# knives



## dcifan2k (Sep 25, 2001)

I just got a gift cirtificate to a knife shop for my birthday this is going toward the purchase of my knife set for culinary school. I need to know what knives I will need for culinary school and what brand everyone prefers and also what will last. I would also like to know what is the best knife case. thank you in advanced
Sincerely,
Michael


----------



## suzanne (May 26, 2001)

Bare minimum, with which you can do just about everything:

a 10" French knife (or 8" if you are very small)
a paring knife
a flexible boning knife
a steel (to keep them sharp)

I won't _dare_ say that any brand is "the best" -- it all depends on what is most comfortable to you. I like Messermeister St. Moritz, but I also have some Global, Wusthof, Henckels, Furi. When I first saw KitchenAid, I liked them, but haven't really tried them. It's a very personal decision -- what fits your hand, what gives you the least fatigue, rocks the best for chopping, etc. I daresay everyone you ask will have a different preference. The nice thing is, there is no one right answer. You might even just try a cheapie, as long as it will hold an edge, because you can always get better knives when you have money.

As for luggage, as long as you protect the edges, you could even just wrap them in a towel! "The best" is what does what you need done, for the least money.

BTW, hasn't your school told you what you must have??


----------



## kylew (Aug 14, 2000)

I agree with Suzanne. What matters most is that the knives feel good on your hand. It should feel like you are making no effort to hold the knife. I also like here suggestion that most expensive isn't always best. I am only a weekend warrior, but when I first decided to buy good knives I wanted a decent selection rather than one good one. I found a brand called Forschner. It's made by Victorinox, the Swiss Army knife people. They are stamped rather than forged, but they are and stay very sharp. I've had them for 2 years and still love them. For the price of a 10" Wusthof chefs knife I got: 10" chefs, 6" chef, 6" boning, 6" fillet, 10 " bread and a steel. I am now buying single pieces of Wustof to "enhance" my cuttlery.


----------



## kuan (Jun 11, 2001)

You need to really know how to look after your knives if you're going to get expensive ones. Retail price on a 10" Wusthof Trident is around $110. That's no small chunk of change. I started with Wusthof Classics for my "nice" ones and Forschners as my "beater" knives. Now I wish I had some Messermeisters (the ones without that chunky heel) because they're easier to put on a stone.
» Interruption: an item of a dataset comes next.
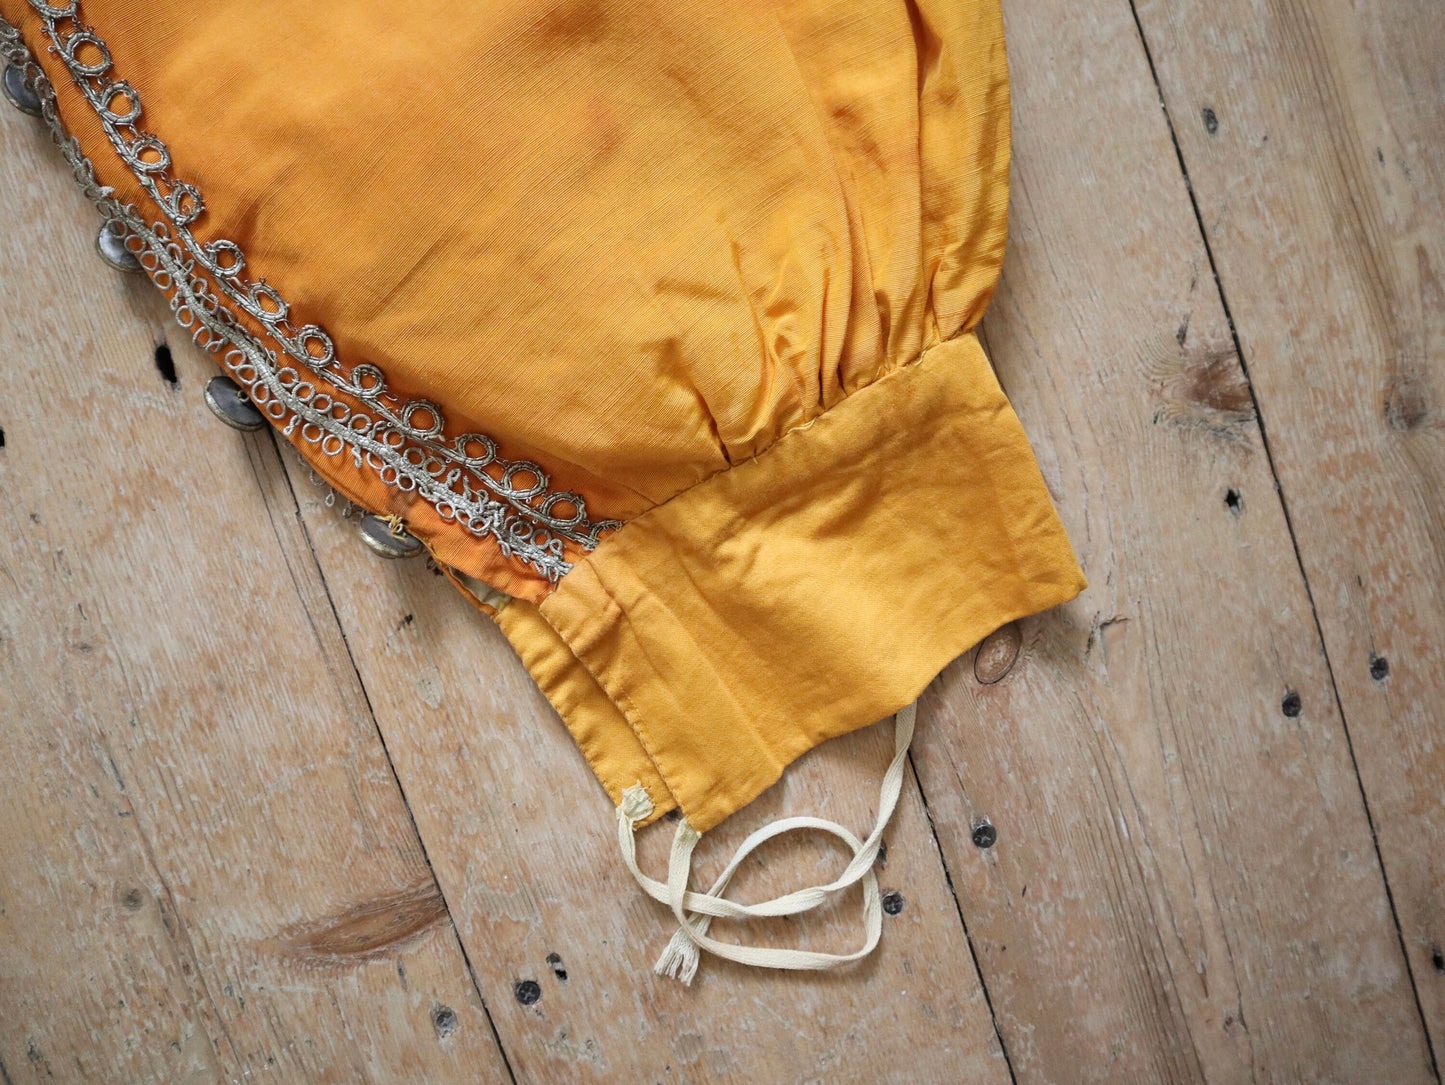 Antique Early 1900s French Yellow Silk Grosgrain Breeches Pants Gold Metal Thread embellishments

It's important that they feel right in your hands. I found that the Wusthof Classics have a little less torque than the ones with the moulded plastic handles. I like the look of the classics a lot better though.

If you're going to cooking school, there are probably going to be people there with all kinds of knives. You can try them out in a real situation there. My suggestion is to go with a traditional 10" Forschner stamped as your workhorse celery chopping meat hacking knife and gradually build from there.

Kuan


----------



## dcifan2k (Sep 25, 2001)

thanks for your help I havent chosen a school yet but I am applying to J&W and CIA I figure that I can get into one or the other but I am going knife shopping pretty soon and I just wanted to know a little bit about what I was getting into and not haveing the guy tell me I need to get the most expensive knives for school and is it true that global has no gurantee on there knives and the others due? thanx a bunch
sincerely
Michael


----------



## kuan (Jun 11, 2001)

Wusthof Trident knives are guaranteed for life. Tough luck if you bust your global. You need a good strong knife with a strong bolster for cracking chicken bones.

Kuan


----------



## greg (Dec 8, 1999)

I would recommend contacting any school that you are thinking of attending before you purchase knives for school. Both CIA and J&W provide knife kits to their students last I heard.


----------



## thebighat (Feb 21, 2001)

J&W will provide you with knives, F. Dick brand, and they will not let you use yours in labs, so, plan your purchases with that in mind. I used to bring nice old palette knives into cake decorating because I like old tools, and I got a comment from the instructor. I made sure he saw me using school-issue stuff during the practical exam.


----------



## the chef's dad (Nov 10, 2001)

Michael - Depending on which school you chose, knives may be included in your tuition. My son is going to WCI in Portland and he got a full set of quality knive including a cordura case. They were paid for from his tuition. The school actually suggests that you don't bring your own knives. If you can, wait a while to see what you might need later.


----------



## chouxbacca (Aug 10, 2001)

Well, everyone here seems to give some pretty good advice, and I know very little, but the best knives (from what I've heard and seen) are the new messermeister elite. They are sharpened to 15% instead of 20 (thats the same edge as global) they have a lifetime warranty, and as kuan said...they dont have a chunky annoying bolster getting in the way of your sharpening, and chopping. PLus they are not too expensive (at least not at www.knifemerchant.com ) also, about 9 months ago I thought I should invest in a steel to keep my el cheapo deluxo knife sharp. I bought a diamond impregnated steel from henckels, a great tool, but you must be careful. I am glad I only have a 25$ knife, because the diamond actually cuts the blade to make a new edge with every stroke, and I scratched my blade to kingdome come. They are a great product, but take your time...its not the same as an ordinary steel(they just re-align the edge). Frederic dick makes the worlds best steels, and messermiester makes the worlds best (as far as all I have seen) knife cases, they have backpack polyhide, or cordura cases. and they aslso make a great product called edge guard. it is a plastic (nylon) sheath for your knife, I have one and it is great, they come in all sizes for all sorts of applications, but The best advice I have seen for you is to just hold your knife before you buy, and wait to see if you will recieve some at school, it'd be a drag if you couldn't use your awesome new chef's knife because of school policy, the best of luck!!


----------



## dcifan2k (Sep 25, 2001)

I want to thank all of you for your info. that sux that I can't use my own knives in schools. I just wanted to let you all know that I went and got 3 knives last night there all Henckels I got a 10" chefs a 9" slicing and a 4" paring I love them they are awsome. I still want to get my own set before I go to school just to have an extra set of nice knives. I will coninue to but the rest of my set through out the year. thanks again for all of your help. :bounce:


----------



## suzanne (May 26, 2001)

Don't worry -- just enjoy the ones you've got, and take good care of them. Then when you're working (externship or after finishing your course) you'll be able to use them. As long as you treat them well, they'll be there for you!

Best of luck with your schooling.


----------